Reference no: EM132384010
Advanced Empirical Methods Problem Set - Randomized Evaluations
The goal of this problem set is to analyze data from a randomized impact evaluation. We will be using data from a paper by Thornton (AER 2008) titled, "The Demand and Impact of Learning HIV Status". The questions on this problem set will lead you through a series of exercises that are standard practice when analyzing data from a randomized evaluation. A copy of the paper is on our web directory. You should at least read pages 1829-1839.
Please submit a do file, log file, and a write-up of no more than 3 pages for the problem set. Written responses should be brief.
The data are on our web directory.
Preliminaries: Thornton (2008) examines whether varying the cost of HIV testing can increase the number of people who get their test results. There are two interventions: 1) cash payments to individuals who receive their HIV test results; and 2) the distance a person needs to travel to obtain their HIV test results. Both interventions are randomly assigned on an individual level.
Key Variables:
AnyCash = 1 if randomly assigned any cash incentive to obtain HIV test result under = 1 if randomly assigned distance to get test result is under 1.5 km.
Cash Amount = the randomly assigned cash incentives (amounts) to obtain HIV test results (where 0 corresponds to the control group).
Going forward, there are two treatments: those who were assigned a cash incentive and those who have to travel less than 1.5 km to get their test results. Depending on the case we may analyze these individually or separately.
Questions -
Part I: Summary Statistics
The first step is to look at summary statistics of your sample. This will tell you the sample that you are analyzing. We will also see if there are differences between the treatment and control group.
1. Present summary statistics for the study sample. What is the average age? What percentage of males are in the study? What percentage of people are infected with HIV?
2. Present summary statistics for those in the control and treatment group, separately for the any treatment and the distance treatment. Are there major differences in any of the variables (i.e. age, education, HIV rates)?
3. Do a test to see whether differences in age, HIV rates, and marriage are statistically different between the treatment and control group; consider separately the treatment and control groups defined by any and by distance. Do you see any differences? Are you concerned by any of the differences? How could they affect the analysis?
Part II: Analysis using graphs
We can create simple graphs that can help us see the effects of the treatment.
4. Generate a bar graph, where the X-axis represents the any control and treatment group, and the y-axis is the percentage in each group that learn their HIV status. Let the treatment group in this question be anyone who receives a cash incentive to obtain their HIV test results.

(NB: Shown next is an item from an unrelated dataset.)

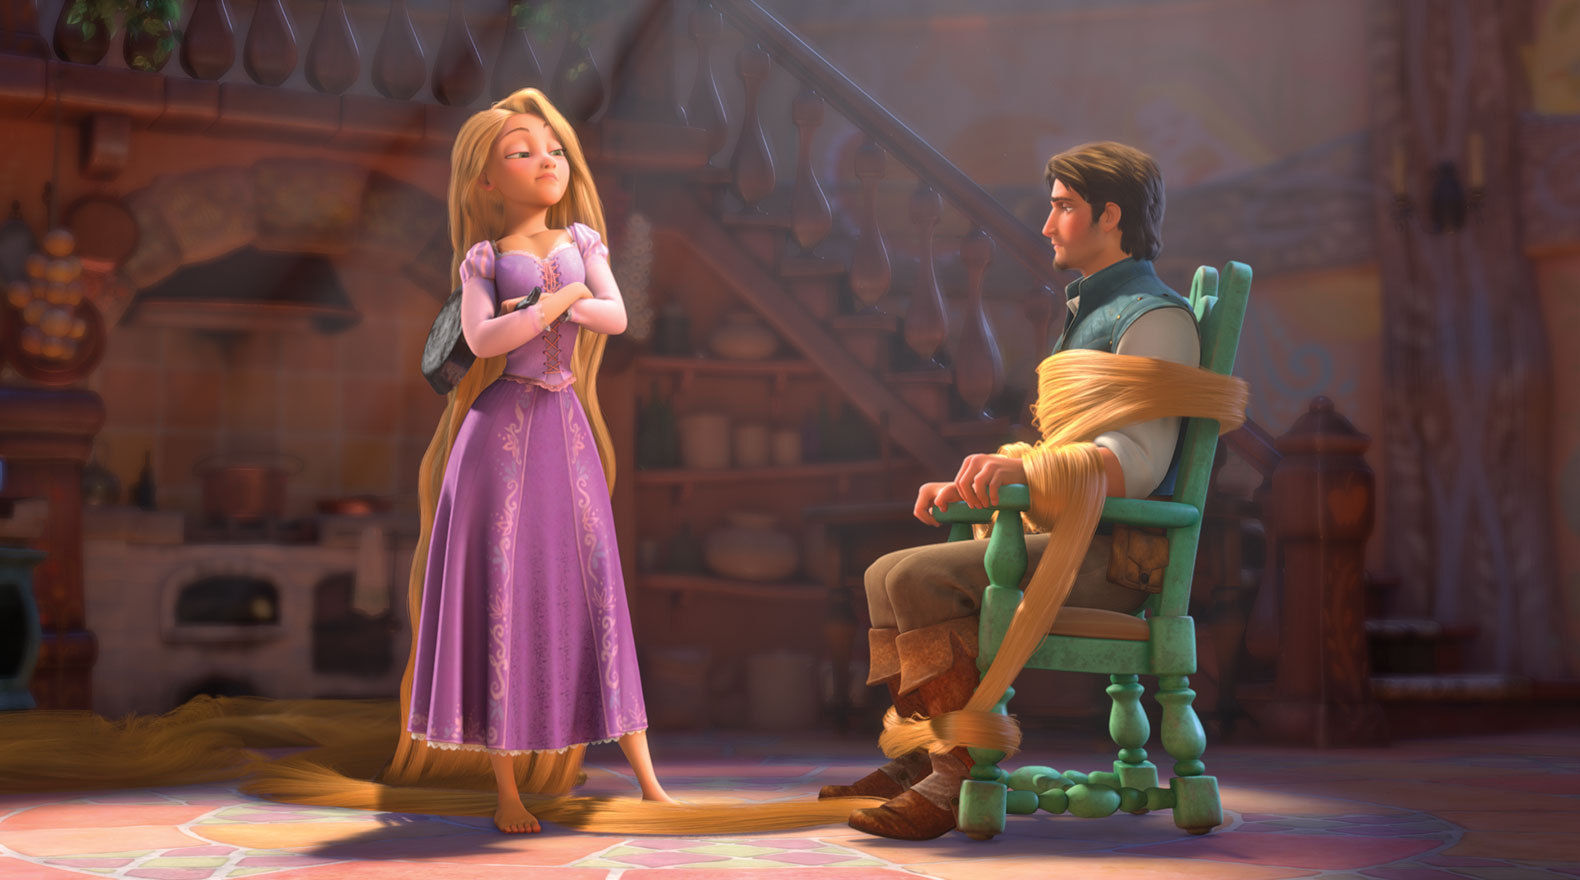 Tangled Pics, Movie Collection - Rapunzel And Flynn In Tower - 1580x880  Wallpaper 
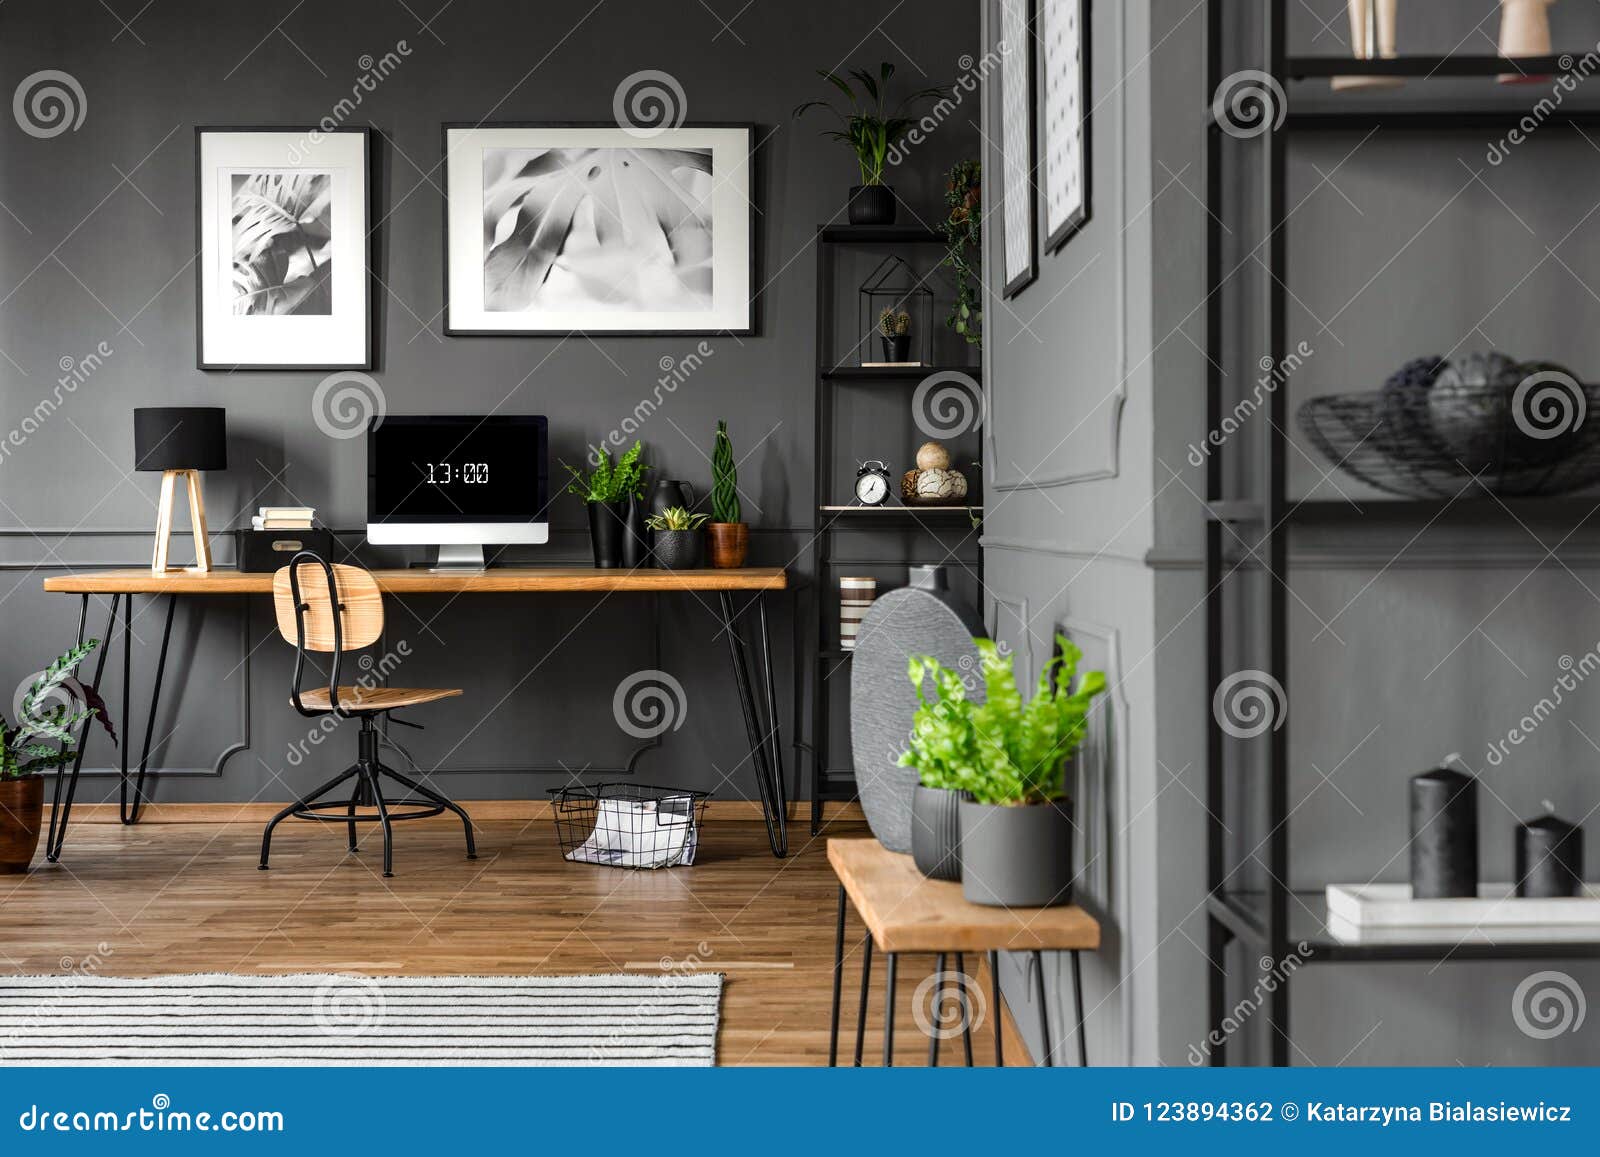 Grey Home Office Interior Plants Wooden Table Posters Above Desk Computer Monitor 123894362

5. Now, generate the same bar graph, but this time varying the amount of cash that people receive in treatment (use the "Ti" variable for the x-axis).
Part III: Analysis using linear regression
Using OLS regression analysis is one of the most common tools used to estimate the effect of a treatment or randomly assigned intervention.
6. a. Consider the following regression output (see attached file) from the data you are using.
Which variable is being regressed on which variables? Provide a statistical and substantive interpretation of the five estimated regression coefficients. Also provide an interpretation of other output generated by the regression, included SS, MS, Root MSE, R-squared, Adjusted R-squared, F(4,2312), Prob > F.
b. Run the following OLS regression, where getting your HIV test result is the dependent variable, and receiving a cash incentive as your covariate.
Got Test Result=a + bAnyCash Incentive + u
What is your estimate of b? Is it statistically significant? If so, at what level? What happens when you include additional control variables (age, male, education, marriage)? Does your estimate of b change? Does this suggest that there is covert or overt bias?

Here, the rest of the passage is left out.